Cliché is the name of the game here; it's a simple and straightforward story and there's nothing surprising or innovative here. Considering the setup of a potentially dying child, it lacks any real punch for the audience. In fact, it fails to even get its audience emotionally connected with the characters. It instead seems to be retreading old ground for the creators, who take just about every element from A Cat in Paris and try to reuse them here.
While the art is certainly not on par with their previous film, it maintains the same style and direction, the type of which is rarely seen anymore, certainly not on the big screen.
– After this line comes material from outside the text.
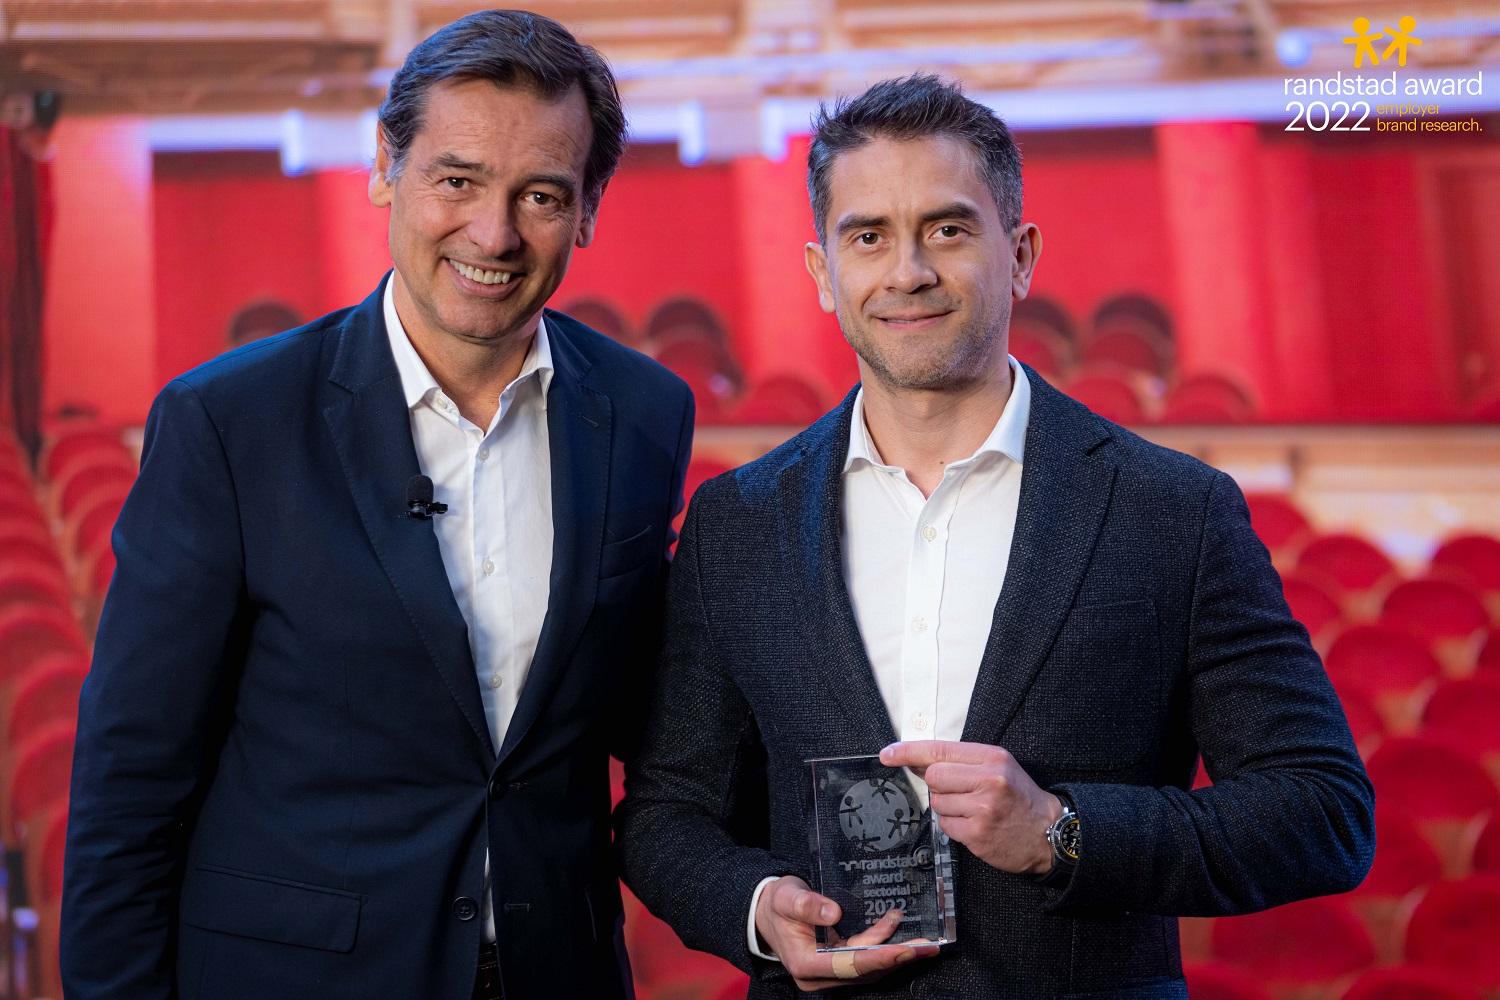 Juan Gelves dcha responsable de Talento y Transformación Cultural de Nestlé España ha recogido el premio Randstad

The film is a whimsical throwback to the hand-drawn films of old. The problem with this is, frankly… it looks ugly. It's a style that perhaps would attract a certain audience who grew up with the style, certainly French viewers, but for the majority, it's hard to focus on the action on-screen when the style is so off-putting. Conversely, the sound design is fantastic, and this is definitely worth watching in the original French - the soundtrack, sound effects, and voice actors (including Amélie's Audrey Tautou) all combine to produce a quality product.
Phantom Boy tries to be something different and that's good. Nobody needs a world of animated films that are only produced by Disney or Dreamworks, Pixar or Ghibli… Okay, just Ghibli would be amazing, but it sadly cannot bring anything new to the table, other than its experimental-but-ugly style. It tries to live up to the stories of Miyazaki but cannot deliver a story that connects with the audience in the way Studio Ghibli always makes seem effortless. Phantom Boy tries to create a superhero, but ends up delivering a ghost of one.